Your copy should match the listing word for word, apart from the pictures, which are left out.

DATA PROVIDED
%%
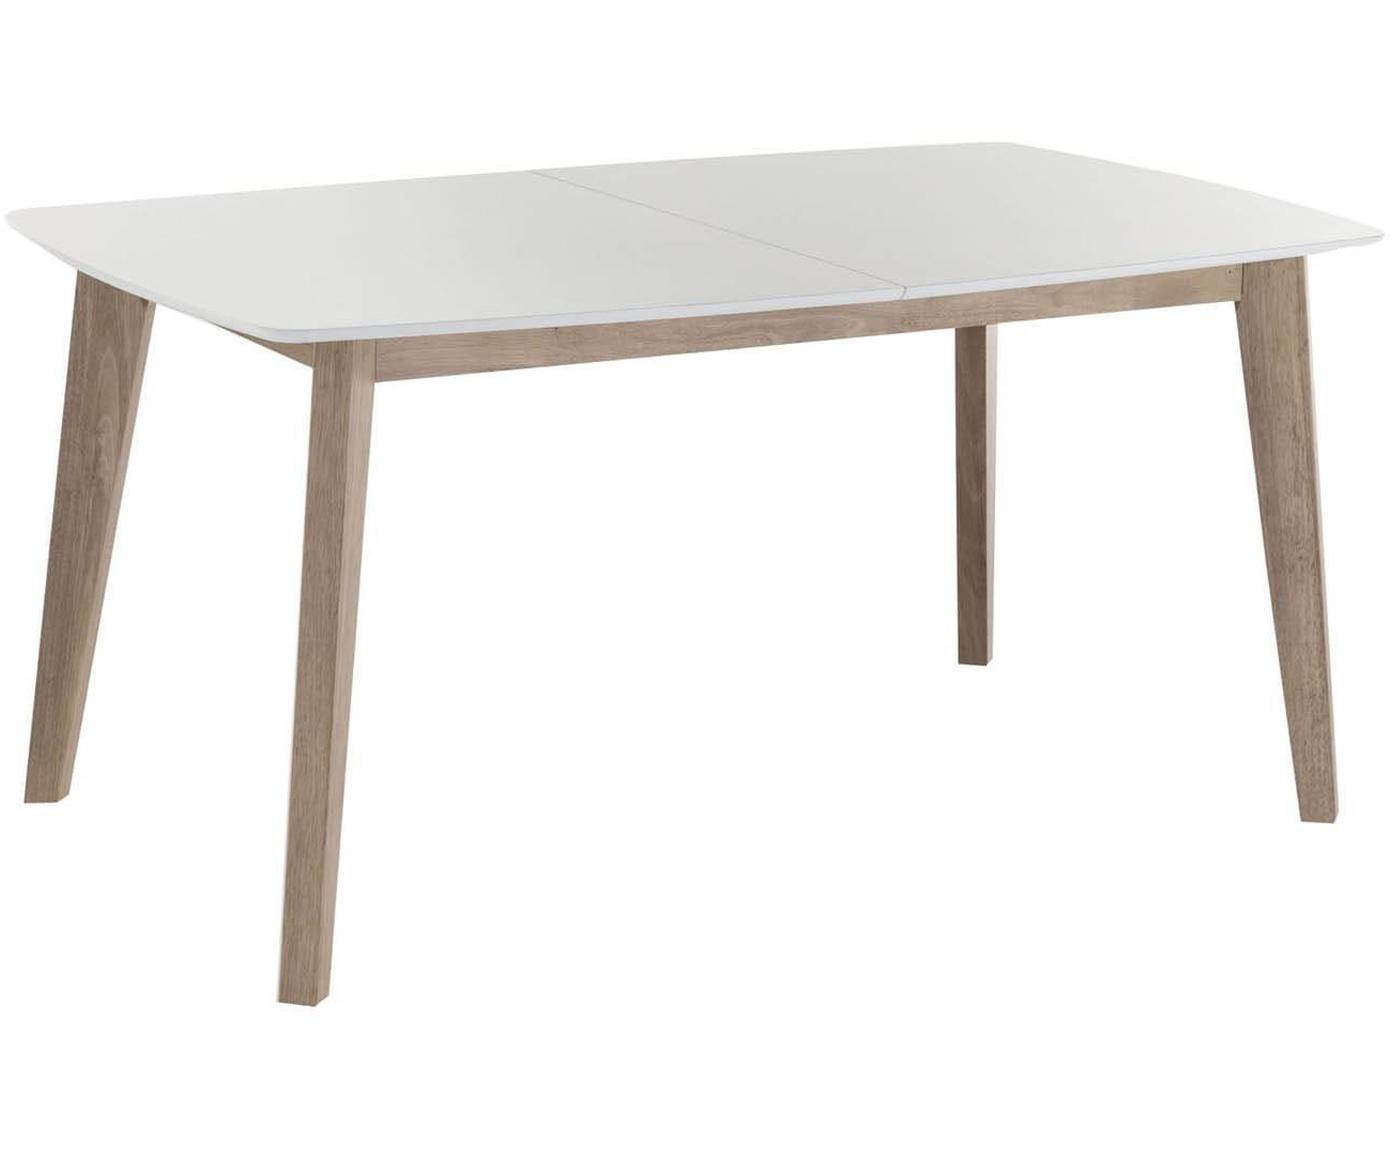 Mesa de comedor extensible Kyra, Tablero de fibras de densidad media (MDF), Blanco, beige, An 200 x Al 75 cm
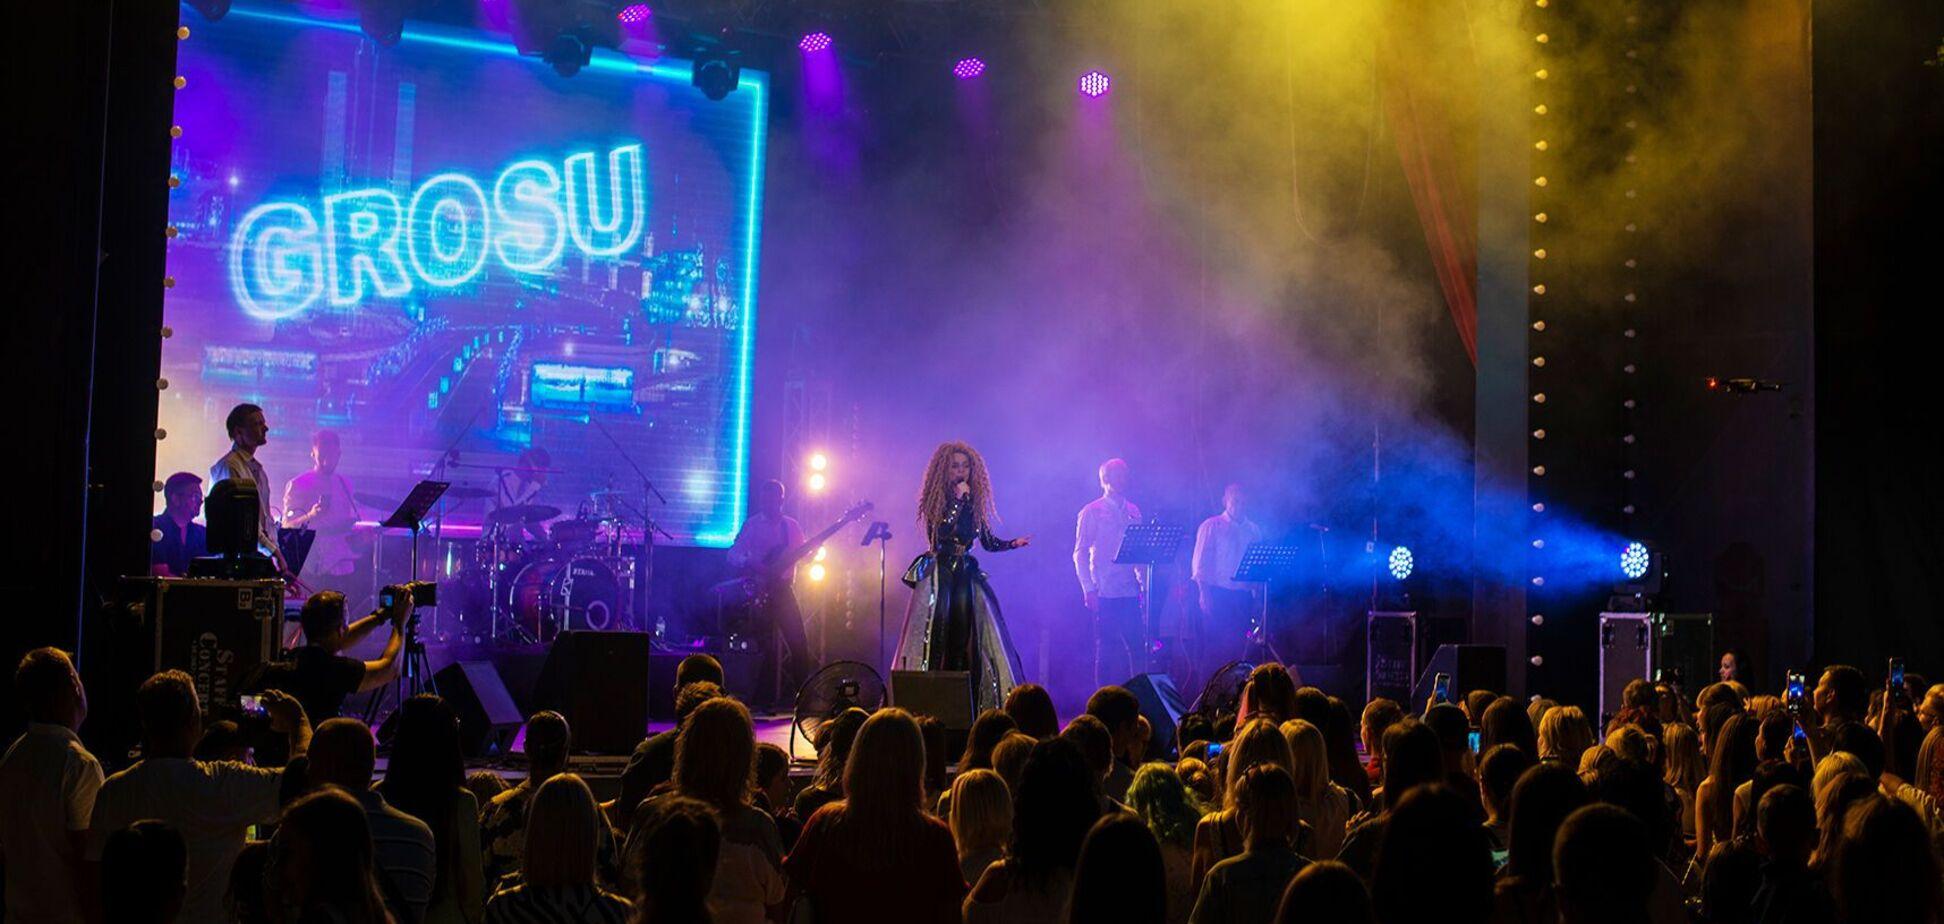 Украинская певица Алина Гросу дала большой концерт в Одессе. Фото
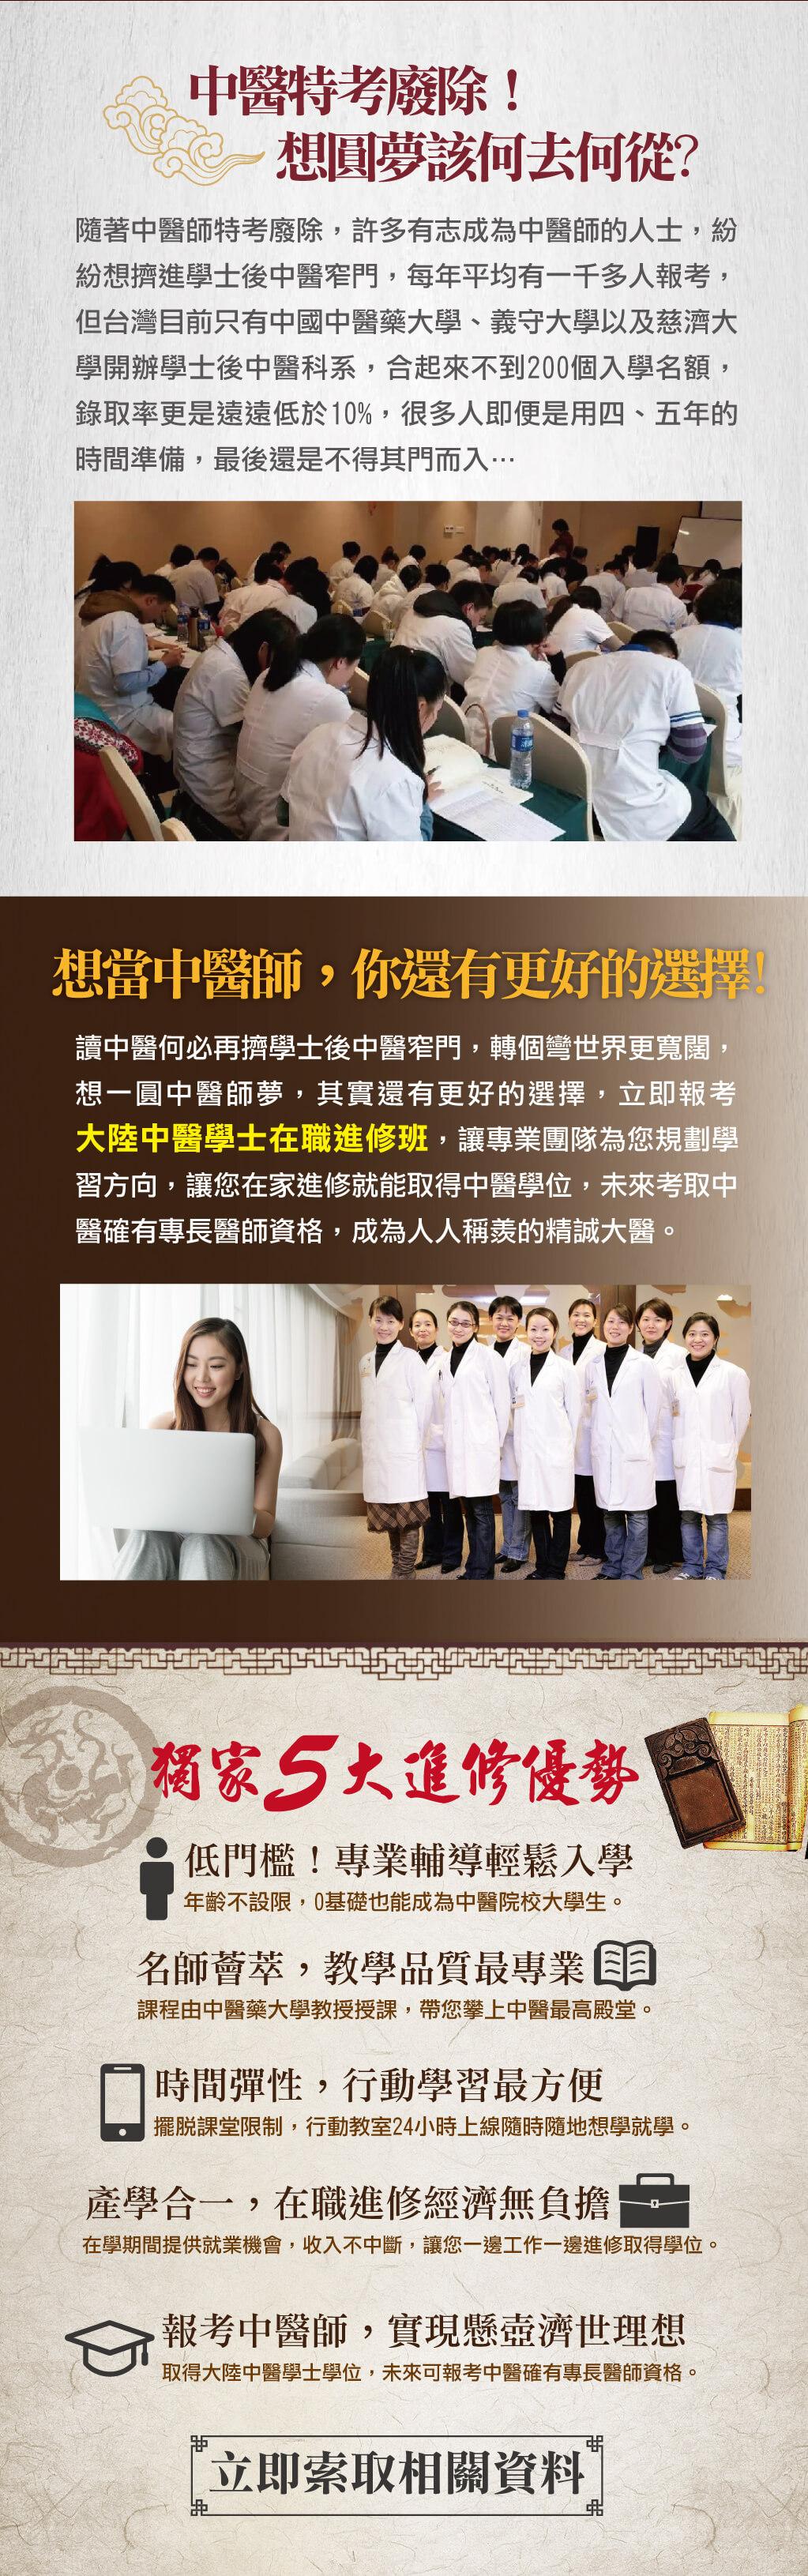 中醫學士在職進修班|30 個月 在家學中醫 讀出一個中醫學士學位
%%
SOLUTION TO THE EXERCISE
 Mesa de comedor extensible Kyra, Tablero de fibras de densidad media (MDF), Blanco, beige, An 200 x Al 75 cm
 Украинская певица Алина Гросу дала большой концерт в Одессе. Фото
 中醫學士在職進修班|30 個月 在家學中醫 讀出一個中醫學士學位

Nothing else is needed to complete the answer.